CAMEROON – Atlantic Cocoa Corporation, an Ivorian cocoa processor with operations in Cameroon is set to commence operations at its newly built processing plant worth XAF40 billion (US$73.8m).
According to reports by Business Cameroon, the new factory has a production capacity of 48,000 tons expandable to 64,000 tons and is scheduled to load its first derived products for exports on December 12, 2020.
The plant was scheduled to be operational since 2018 but it encountered several challenges, namely insufficient energy and water supply, poor quality of communication and internet networks, insufficient storage and destocking capacity at the port, among many others.
It entered its implementation stage in 2015 with the financial support of BGFI Bank.
Commencement of operation of the processing factory comes at a time that the government of neighboring country Ivory Coast is seeking to increase the country’s cocoa processing capacity with the construction of two new cocoa processing units in Abidjan and San Pedro with CFA Francs 216 billion (US$389 million) investment.
The new units will have an annual processing capacity of 50,000 tons of beans each, adding to the current installed capacity of 710,000 tons per year.
Construction works which will take 2 years have been bestowed on China Light Industry Design Engineering Company, reports Ecofin Agency.
According to the country’s Coffee and Cocoa Council (CCC), 40% of output will be channelled to China.
The project will also boost storage space as two storage warehouses with a total capacity of 300,000 will be constructed. In addition to that a training center for cocoa trades will be established.
The extra storage space will allow suppliers to hold back beans from the market to buoy prices and help maintain farmers premium.
The West African country is targeting to locally process 100% of its cocoa by 2025 in a bid to fetch higher value from the crop further supporting the growth of the sector.
The efforts are also geared towards ensuring the operations along the cocoa value chain are undertaken in a sustainable way with focus on ending poverty, human rights abuses and deforestation in the sector.
Call for establishment of regulations to govern cocoa sector operations
Recently a global network of non-governmental organizations (NGOs) and trade unions published a biennial report titled, the Cocoa Barometer, calling for development of regulations aimed to tackle the issues facing the cocoa industry.
The report comes after top producers Ivory Coast and Ghana stated in a letter that they will be cancelling cocoa sustainability schemes which U.S.-based chocolate maker, Hershey runs in their countries.
The cocoa producers also accused the company of trying to avoid paying a cocoa premium aimed at combating farmer poverty.
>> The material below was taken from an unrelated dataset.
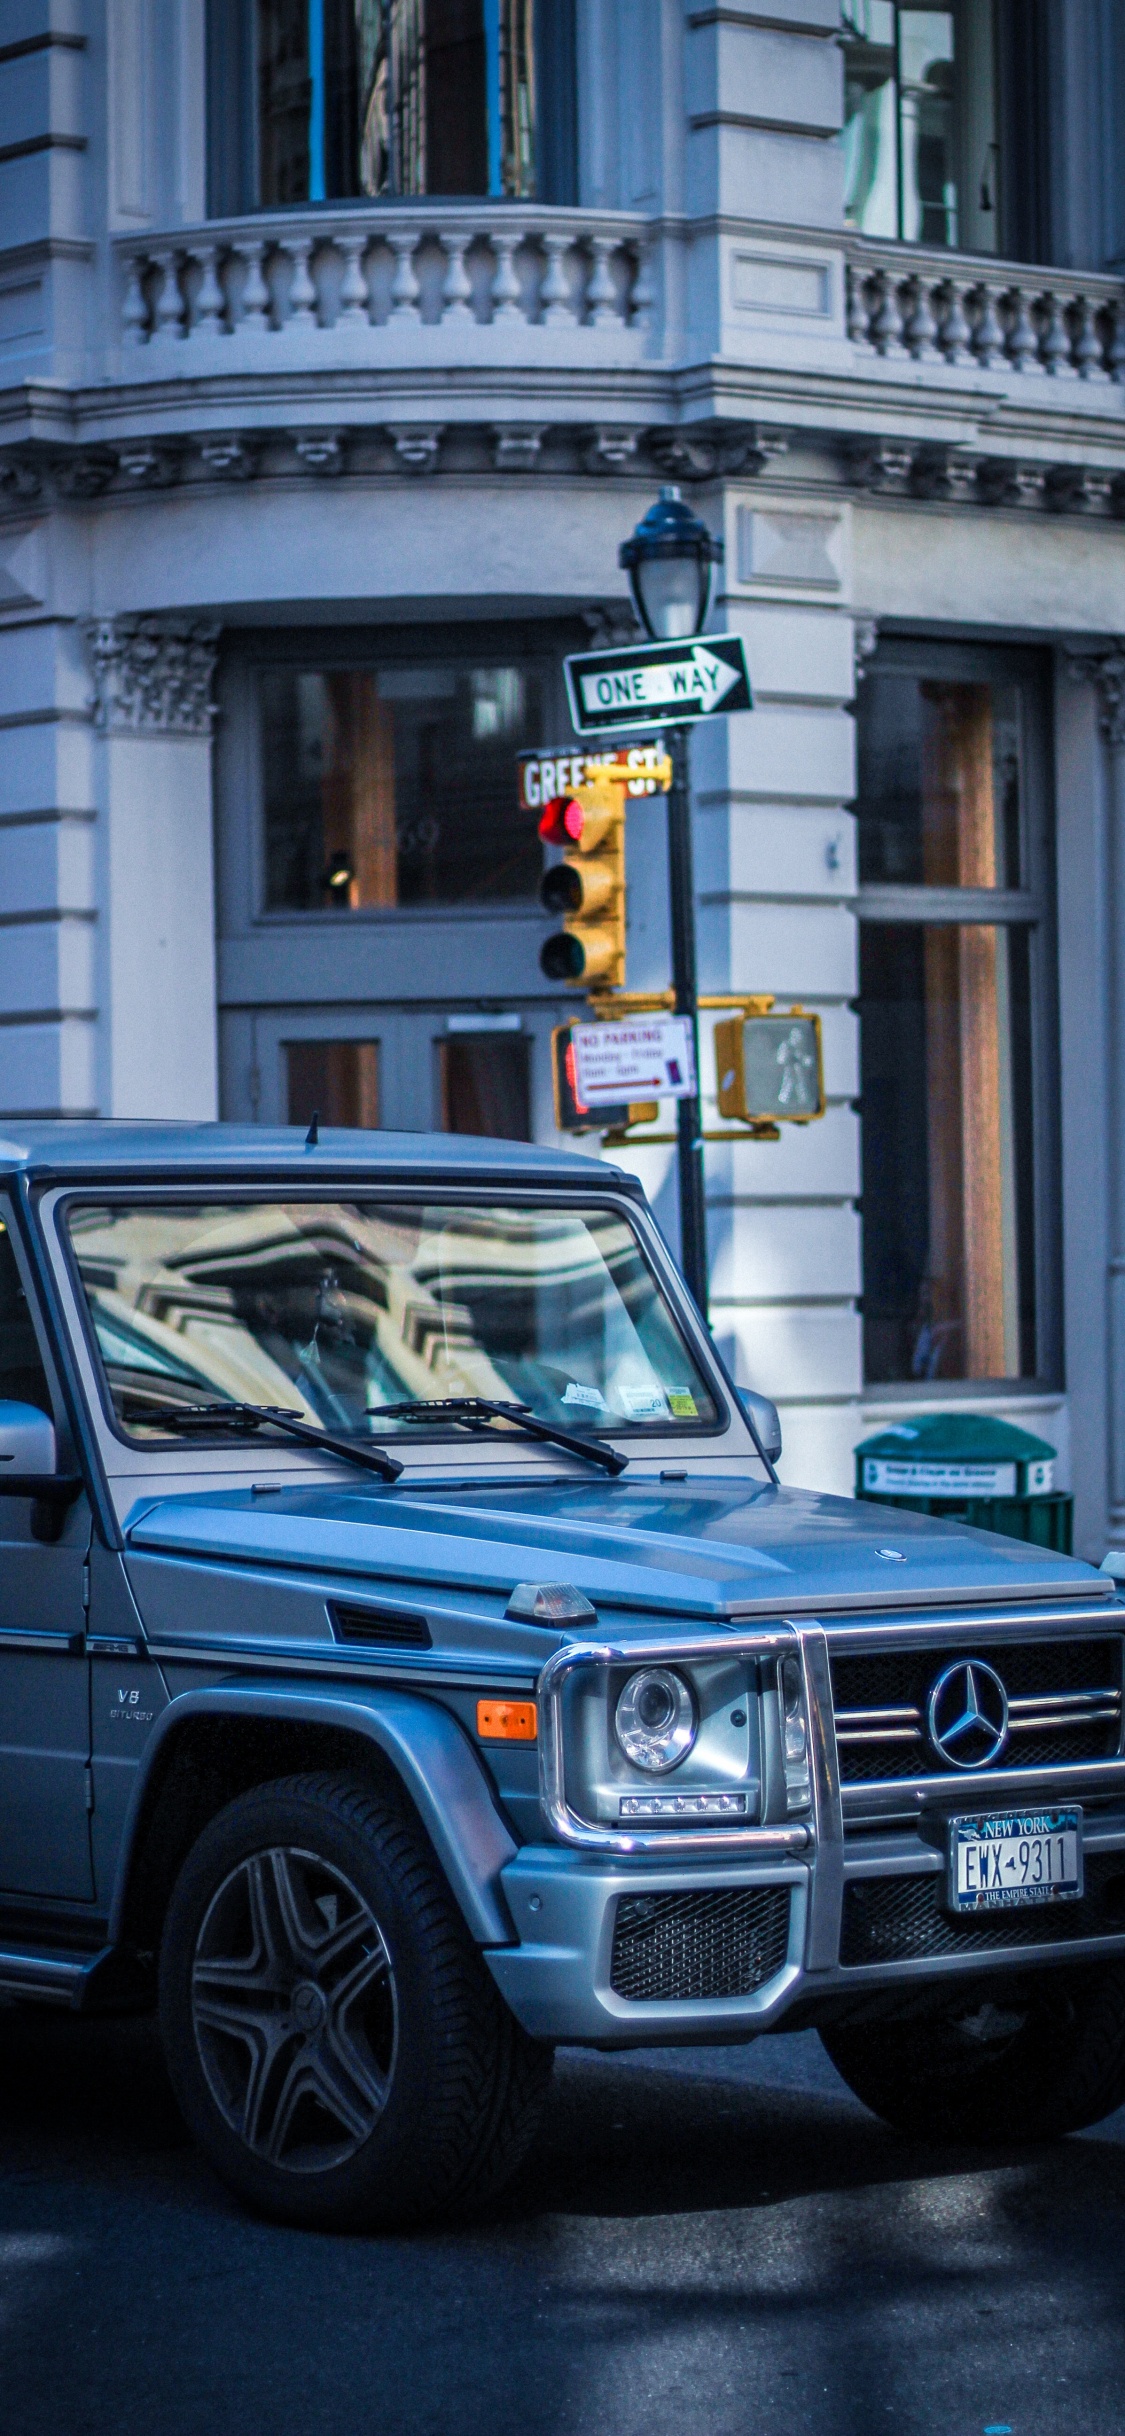 Blue Mercedes Benz g Class Suv Parked Beside White Concrete Building During Daytime. Wallpaper in 1125x2436 Resolution

However, Hershey responded that it is fully participating in the scheme to pay West African farmers a living wage and will continue to do so.
After two decades of voluntary interventions that have produced minimal impact, the report calls on governments of major consuming nations to introduce laws that hold companies accountable for environmental and human rights abuses in their supply chains.
According to the report, a fair price for cocoa farmers is crucial and chocolate companies must find a way to deliver this is by making farmer income a key part of their sustainability schemes.
Current schemes make use of auditors who certify cocoa as ethically sourced, allowing companies to market their chocolate as such and charge a premium for it. This has created a volatile earning structure for farmers within the cocoa ecosystem.
While chocolate manufacturers derive high profits from cocoa, cocoa farmers only receive a fragment of the world market price for beans. This is largely due to local trading structures, taxes and also the quality of the beans, the report shows.
Within the global value chain, most of cocoa’s revenue is derived after the beans have reached abroad, leaving cocoa farmers and workers across Africa to survive on less than US$1.25 daily.
As chocolate companies continue to compete for higher market shares and profits, millions of cocoa farmers bear the costs by getting little to no share from revenue generated.
The report indicates that in 2014, the total global retail value sales of chocolate confectionery reached 100 billion dollars, an increase of 20 billion.